На гневные упреки обманутой любовницы он встал, накинул на плечи халат и снял со стены арапник. Поняв его намерения, она бросилась бежать, он – за ней. Сцена завершилась на улице при свидетелях. Нагнав ее, он хлестнул несколько раз свою обидчицу и, успокоившись, вернулся домой.
«Подобные милые шутки, – писал Герцен, – навлекли на него гонение пермских друзей, и начальство решилось сороколетнего шалуна отослать в Верхотурье. Он дал накануне отъезда богатый обед, и чиновники, несмотря на разлад, все-таки приехали: Долгорукий обещал их накормить каким-то неслыханным пирогом.

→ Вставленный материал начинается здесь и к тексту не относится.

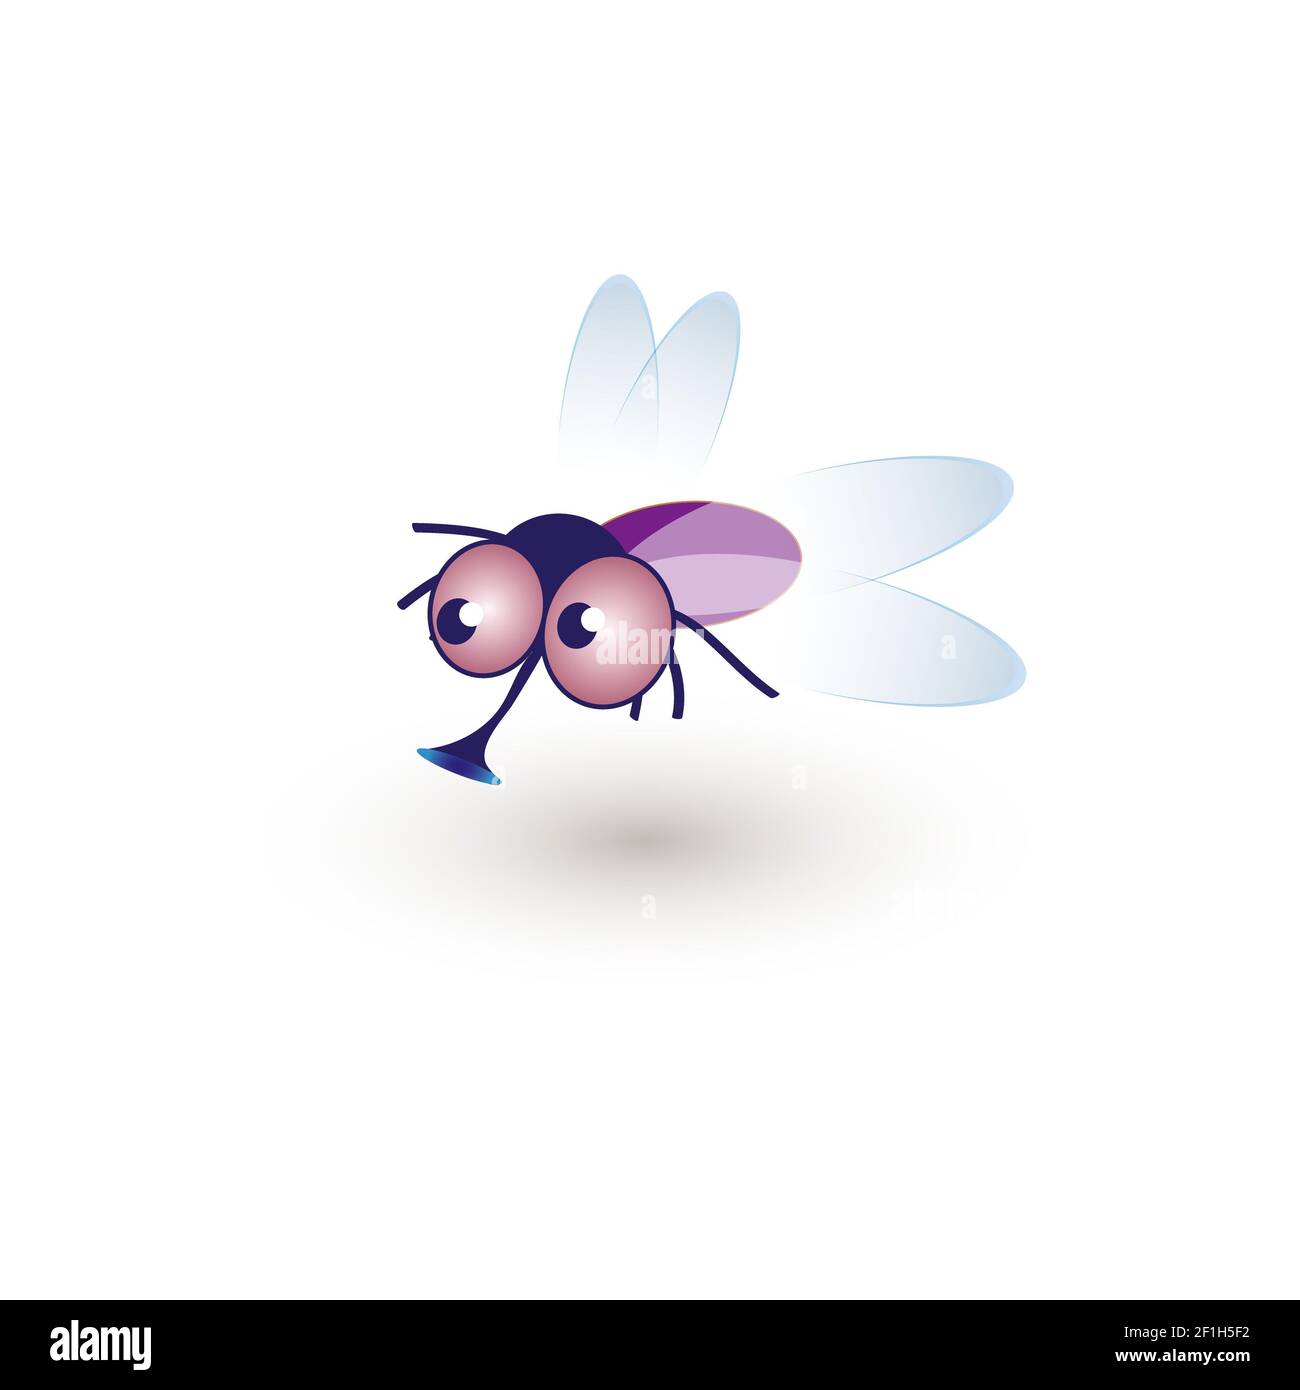 Fumetto Funny Housefly. Illustrazione di una mosca divertente fumante in aria Foto Stock

Пирог был действительно превосходен и исчезал с невероятной быстротой. Когда остались одни корки, Долгорукий патетически обратился к гостям и сказал:
– Не будет же сказано, что я, расставаясь с вами, что-нибудь пожалел. Я велел вчера убить моего дорогого Гарди для пирога.
Чиновники с ужасом взглянули друг на друга и искали глазами знакомую всем датскую собаку: ее не было. Князь догадался и велел слуге принести бренные остатки Гарди, его шкуру; внутренность была в пермских желудках».
После столь отменной шутки Долгорукий весело и торжественно отбыл в Верхотурье, отрядив специальную повозку курятнику. Делая остановки на почтовых станциях, он собирал приходные книги, перепутывал их, подправив даты отъезда и приезда, после чего возвратил, приведя в замешательство все почтовое ведомство.
Подобные шутейства демонстрируют не столько барские причуды, сколько наглость самодура, уверенного в своей безнаказанности по причине своего привилегированного положения и возможности откупиться от «слуг закона». Причуды такого рода сошли на нет после отмены крепостного права и общей либерализации российского общества. А во времена Федора Толстого или упомянутого Долгорукова была возможность проявлять свои дурные наклонности.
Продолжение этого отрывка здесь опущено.